Artesian Future Technology LLC
- Type: Limited liability company
- Industry: Computer hardware
- Founded: 2017; 9 years ago
- Defunct: 2022
- Fate: Bankrupt
- Headquarters: San Francisco, California
- Key people: Noah Katz (CEO)
- Products: Gaming PCs
- Website: http://www.artesianbuilds.com (archived)

= Artesian Builds =

Defunct American custom PC manufacturing company

Artesian Future Technology LLC, doing business as Artesian Builds, was an American custom PC manufacturing company.

==History==
Artesian Builds was founded as Artesian Future Technologies in 2017 by Noah Katz to sell cryptocurrency mining rigs. Katz's other business venture was an Etsy store selling custom cosplay armor founded in 2015. Artesian Future Technologies was rebranded in 2020 as Artesian Builds to a custom high-end PC gaming manufacturer.
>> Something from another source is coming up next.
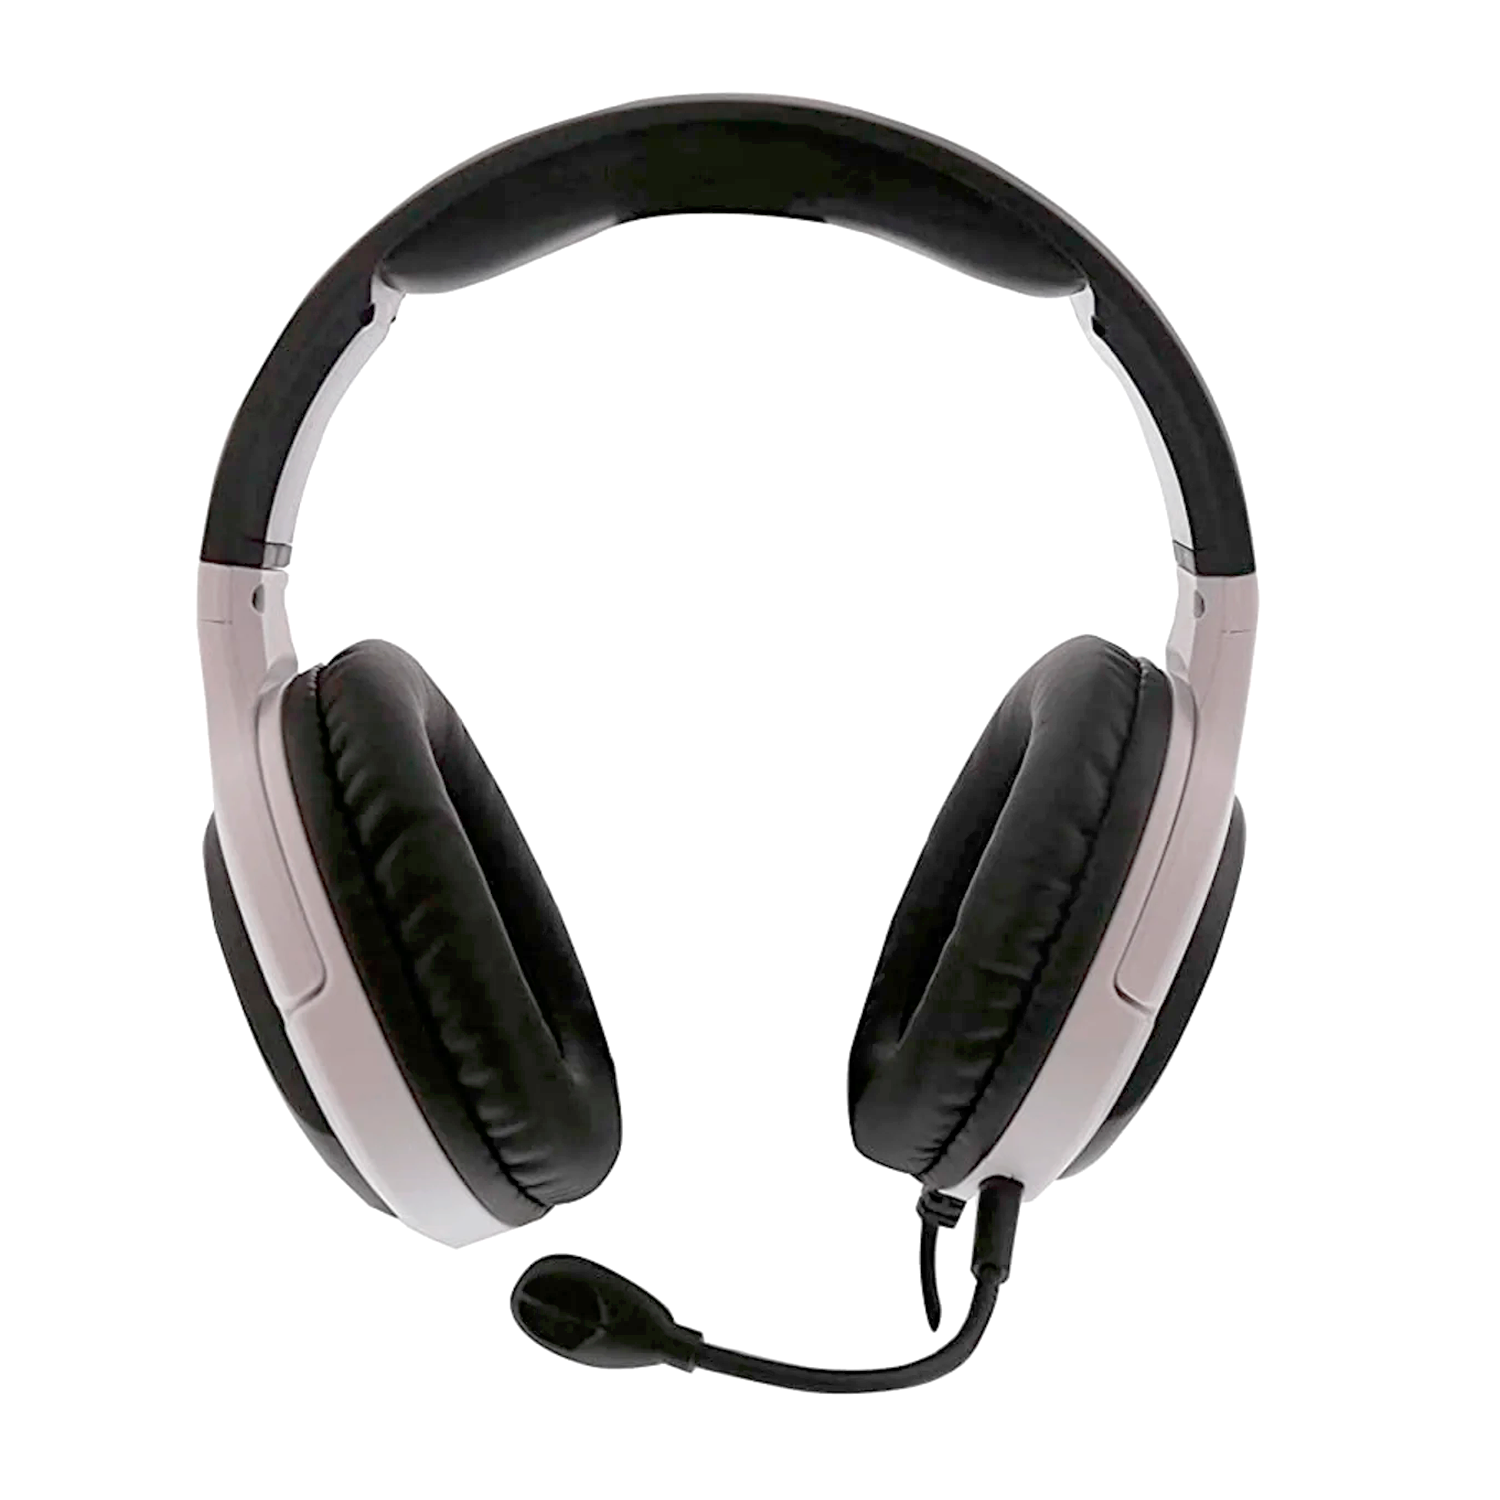 Headset Gamer Nyko NP5-5000 para PS5 - Preto e Branco (833062)

Artesian would build PCs live on Twitch.

==Controversy==
On March 1, 2022, Artesian held a Twitch live stream where it held sweepstakes to give away a PC. A streamer, Kiapiaa, won the giveaway, but Katz refused to give her the PC, claiming that she did not meet the requirements to be an "ambassador" because she didn't have a big enough social media following. Katz proceeded to reroll the sweepstakes. The decision caused an immediate uproar, with the company apologizing.

==Bankruptcy and aftermath==
On March 9, 2022, Artesian announced that it suspended all of its activities. On June 18, 2022, Artesian announced that it was holding a bankruptcy auction to sell off its assets. The assets sold in the auction included PC components, PCs, and GPUs.